Bug #50399 mysql-client hangs on read()
Submitted: 17 Jan 2010 20:21 Modified: 13 Apr 2013 9:56
Reporter: Alexey Vlasov Email Updates:
Status: Not a Bug Impact on me:
None 
Category:MySQL Server: General Severity:S2 (Serious)
Version:5.0.70, 5.1.47 OS:Linux
Assigned to: CPU Architecture:Any
Tags: hang mysql-client read()

[17 Jan 2010 20:21] Alexey Vlasov
Description:
While correcting awfull work of my clients' sites I noticed that the problem concerns the hanging up of the mysql-client, when it is busy with requests. By the way it doesn't even matter if the request goes to the base through TCP or through the local socket. Some request can hardly be hung up, for example, the test request:
SELECT SQL_BUFFER_RESULT SQL_NO_CACHE * FROM mysql.db
(50 kb data in answer)
It hangs with probability one of 50.
There are requests which hang with probability of 100%.

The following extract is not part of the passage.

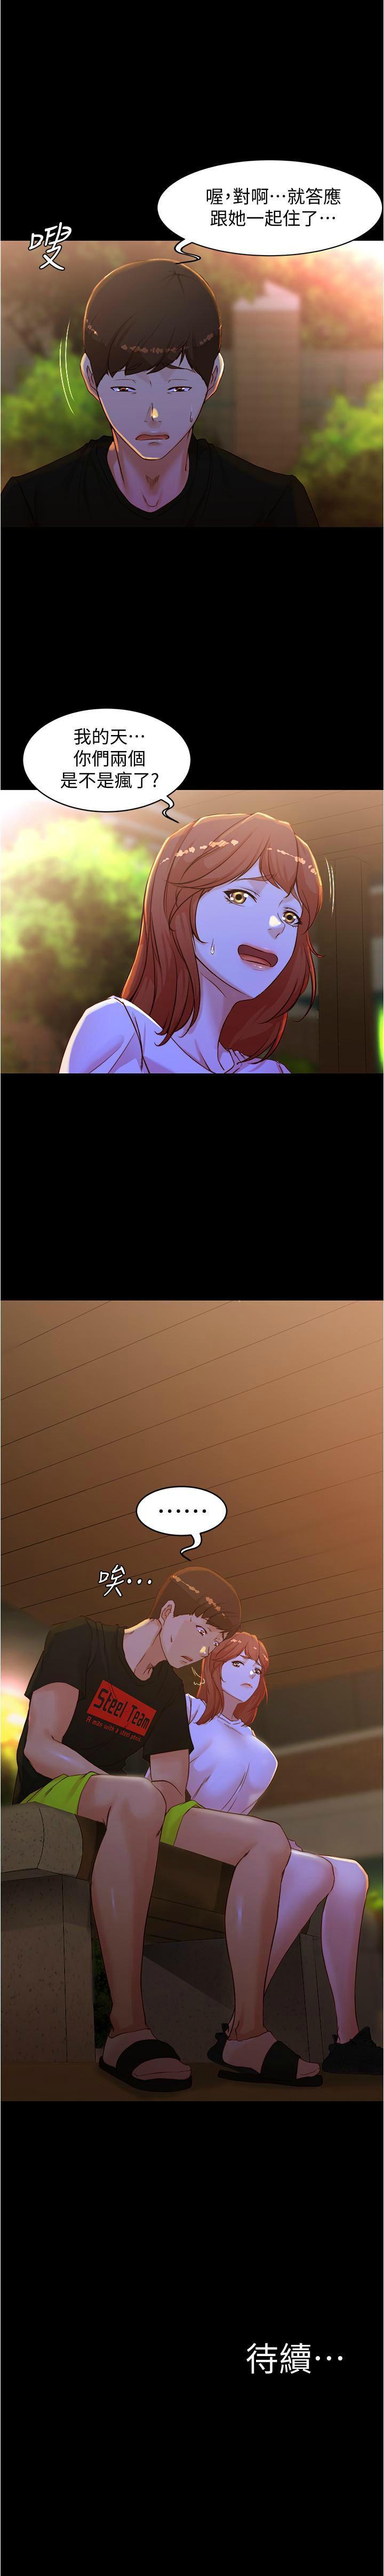 panty note 小褲褲筆記 小裤裤笔记 01-35 连载中 中文 重新排序 Reorder 235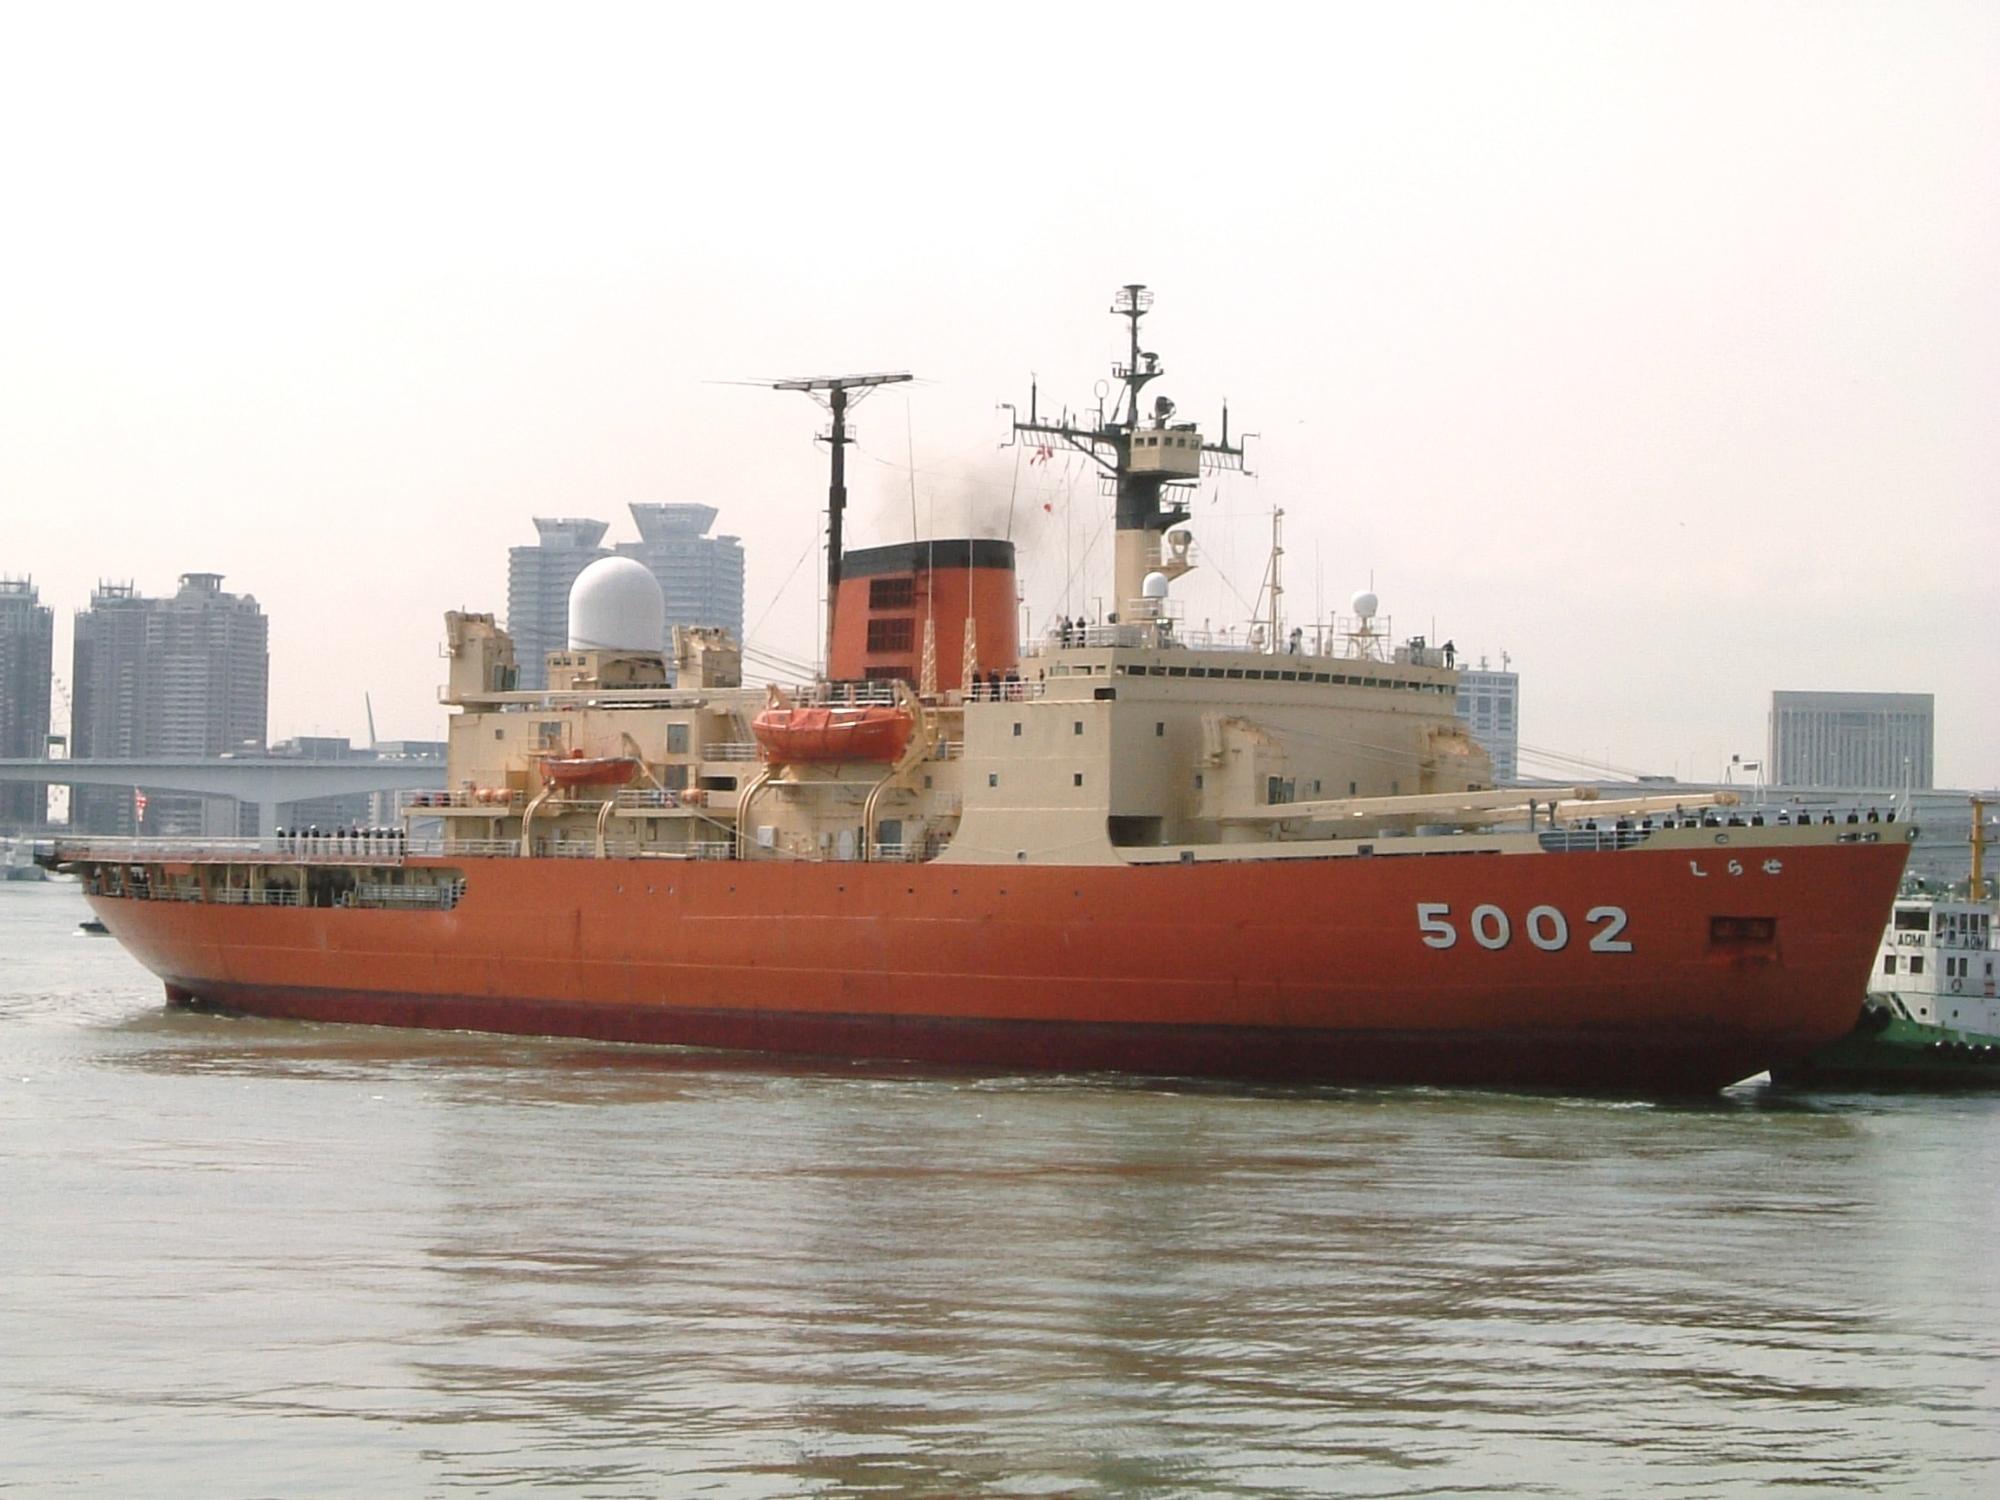 Resultado de imagen para shirase icebreaker 5002

If I send the SIGTSTP or SIGTRAP signal to the hung up process it revives and continues to read normally further the data from a socket. By the way, if you take those requests that hang from 100% probability and for example simply put in any place a blank (i.e. to change the quantity byte) then they gonna stop hanging. I checked it on 10 servers, with different versions of mysql-clients (from 5.0.37 and to 5.1.42), different versions lib from 2.6 to 2.10, the kernels 2.6.24-28, and everywhere all results appeared equally pitiable.

How to repeat:
mysql_connect ('host', 'user', 'pass');
mysql_select_db ('db');

for (;;)
{
        PRINT date('Y-m-d H:i:s')."\t...\t"; _flush();
        $beg = time();
        $q = mysql_query ("SELECT SQL_BUFFER_RESULT SQL_NO_CACHE * FROM db");
        $diff = time() - $beg;
        PRINT "$diff\t";
        if (mysql_fetch_array ($q))
                PRINT "OK\n";
        else
                PRINT "ERROR\n";
        _flush();
        sleep (1);
}

2010-01-17 23:15:49     ...     1       OK
2010-01-17 23:15:51     ...     0       OK
2010-01-17 23:15:52     ...     0
[17 Jan 2010 20:23] Alexey Vlasov
trace

Attachment: trace.txt (text/plain), 10.01 KiB.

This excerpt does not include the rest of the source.